I recently talked about how I try to solve the asymmetrical information problem by using a third-party expert called the Better Business Bureau. Today I want to talk about mail-in rebates.
A lot of businesses use mail-in rebates as a way of getting you to buy stuff you wouldn't otherwise. The way it's supposed to work is you buy the stuff at full price with the business's promise that when you mail in the verification you will in turn get a check equal to the amount promised by the seller.
When it works, the seller makes money because they traded an item they wouldn't otherwise have sold and the buyer eventually gets a check in the mail that reduces the cost.
The problem seems to be that it usually doesn't work that way and that's because it appears it's not designed to. For example, about 40 percent of the buyers never send in the forms in the first place. The reasons vary but the point is businesses know there is a good chance the buyer will never even try to get the rebate.
Clearly, if the business wanted to sell something at a lower price it could just put the item on sale. Why make the customer go through a delayed process with all kinds of onerous requirements? A cynical person would say because the harder the business makes the process the fewer people will request rebates and, here's the payoff, the less costly it will be to the business.
In addition, even if the customer sends in the properly filled-in rebate forms and all required verifications, there is a short-term economic incentive to delay or even ignore the process. By that I mean if you delay sending out a rebate for say, three months, that is a free three-month loan to the business. Score one for the business.
If the business (or third-party rebate company) conveniently loses or says they never received the forms/verification it gets even better. Many customers, after waiting patiently for their rebates, but not having received them, follow-up with the business only to be told nothing was ever received and that they should submit the forms and verification again. The problem is most businesses require the original forms and verifications (usually sales slips and UPC codes cut from the box). If you've already sent those in, there is no way you can send them in again. If you send in copies, the companies, if they respond at all, will say the customer failed to send in the required original documents. Score another one for the business.

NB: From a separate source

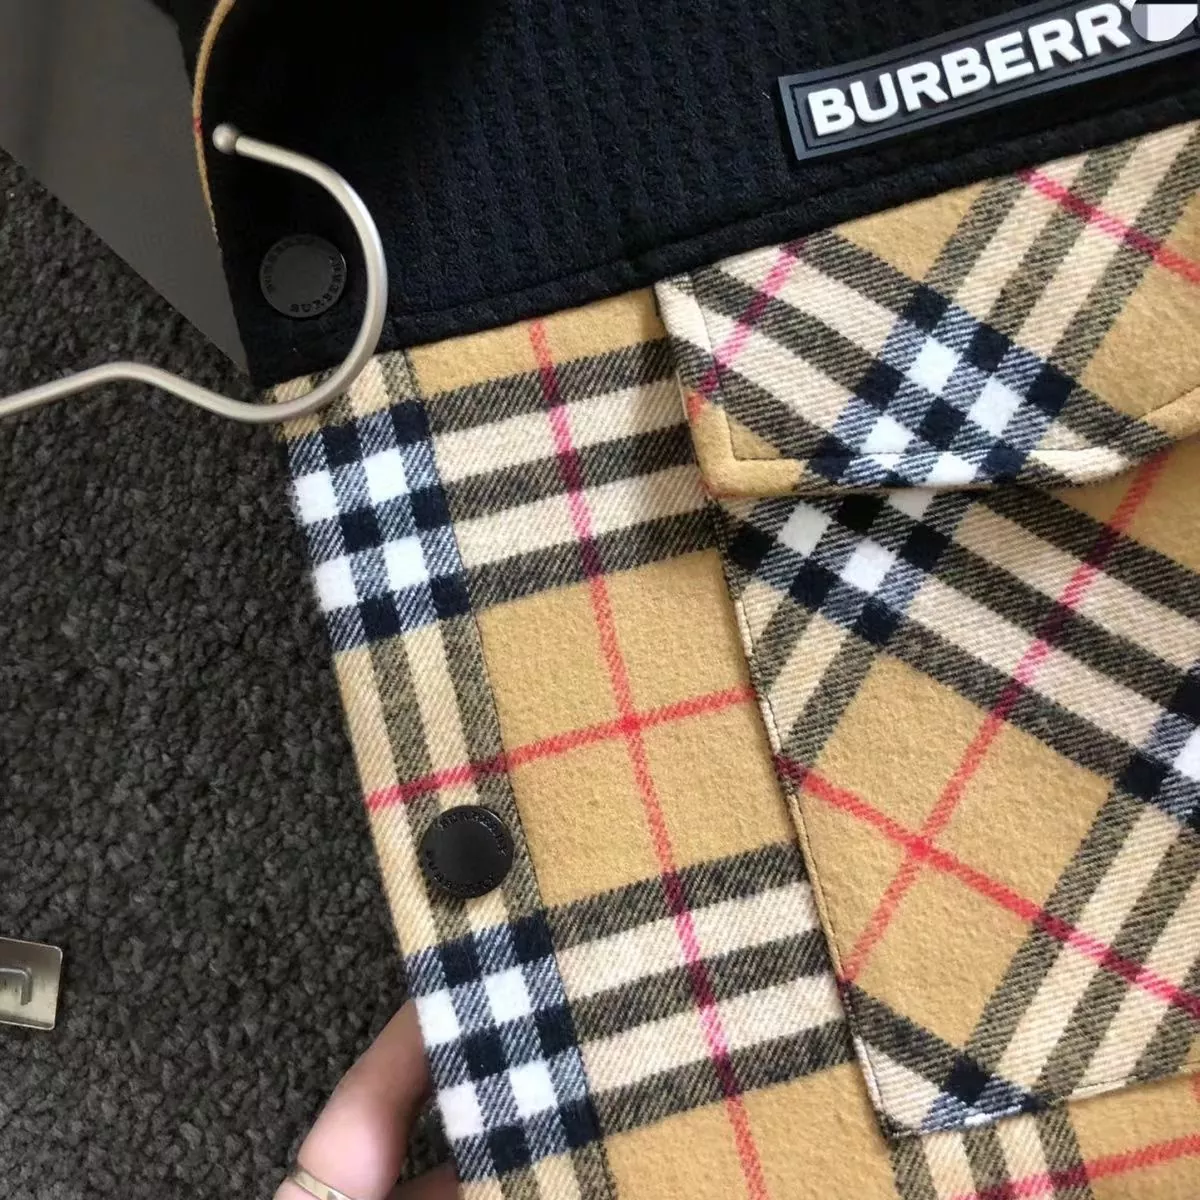 Burberry Men's Jacket

So it is interesting to see the US Federal Trade Commission (FTC), for the first time, has entered into consent agreements with computer superstore CompUSA and their third-party processor Q.P.S., Inc. The agreement, based on allegations that CompUSA failed to pay, "in a timely manner, thousands of rebates for products sold under the CompUSA and QPS brands. Under the terms of the settlement with the superstore, CompUSA will pay consumers who purchased QPS products at CompUSA their due or past-due rebates, which ranged from $15 to $100 each." One hopes you don't have to send in original sales receipts to get the rebates.
The bottom line is mail-in rebates are scams that work. One way to stop it is to stop buying stuff with rebates. If you refuse to do that, at least require some kind of delivery confirmation when you mail your rebates in. That way, you have a legal confirmation that the envelope was delivered to their address, who signed for it, and when. If they still refuse to pay, immediately file a complaint with the FTC and the Better Business Bureau. But don't come crying to me about rebates because I never buy anything with a mail-in rebate. YMMV. Insert disclaimer here.
Aloha!
Comments (1)
And you didn't even mention that a lot of these 'rebates' come as vouchers and coupons you can use on your next purchase.